View attachment 40660
The thrust lost due to tilting the prop is not very large and vibration is minimized by getting most of the prop disk away from the wake
Yes, this is totally what I meant!

To summarise:
One has to distinguish a dynamic/transient condition from a static in flight condition.

Static flight condition determines trim setting for a given constant speed, e.g. climb out. This trim setting is determined by the couple of thrust vector and drag vector, where a greater distance between the two will require more extreme setting, and the C.G. vertical location has indeed nothing to do with it.

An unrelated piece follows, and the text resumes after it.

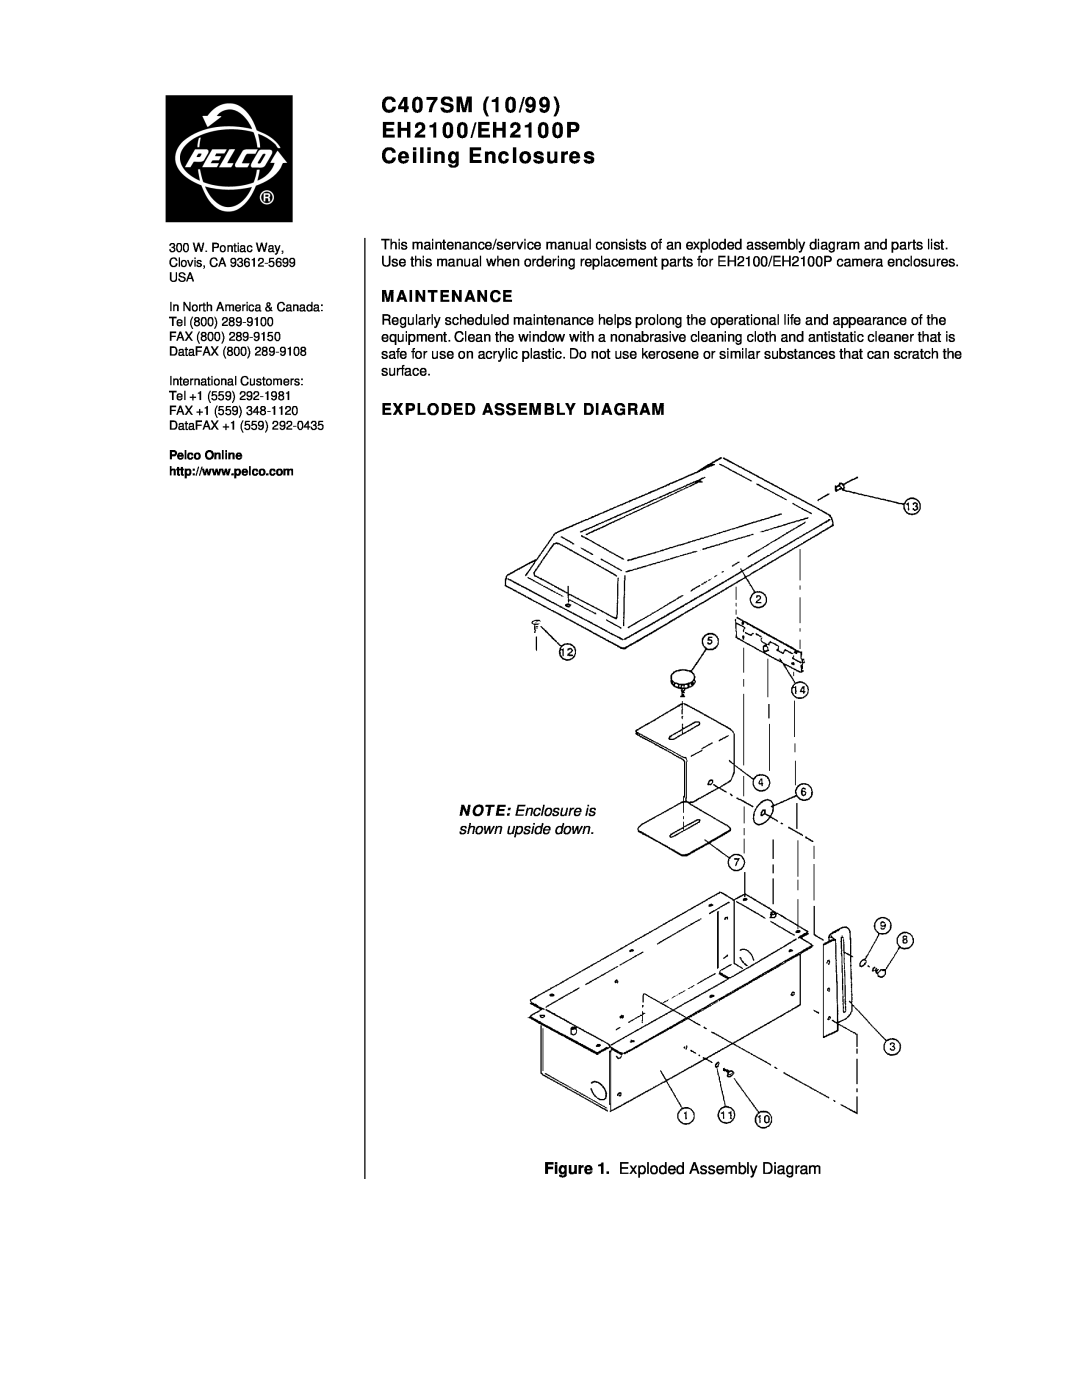 Pelco service manual Maintenance, Exploded Assembly Diagram, C407SM 10/99 EH2100/EH2100P Ceiling Enclosures

Dynamic condition would be the sudden throttling back during take-off. Assuming the trim was set for the expected static climb condition after take-off, the sudden removal of the thrust-drag couple could pitch the nose up due to
-the elevator trim downforce, larger for greater offset between thrust and drag vectors.
-he sudden prop drag, where the C.G. vertical distance to the prop does matter.

So the high mounted engine would be worse for these two reasons. If prop line is angled on a rear high mounted engine as Norman drew it, the up-trim could then be the same as for a centreline thrust, making it much better. Drag vector would still shift up for prop braking, as there would be no vertical component to that, or would it?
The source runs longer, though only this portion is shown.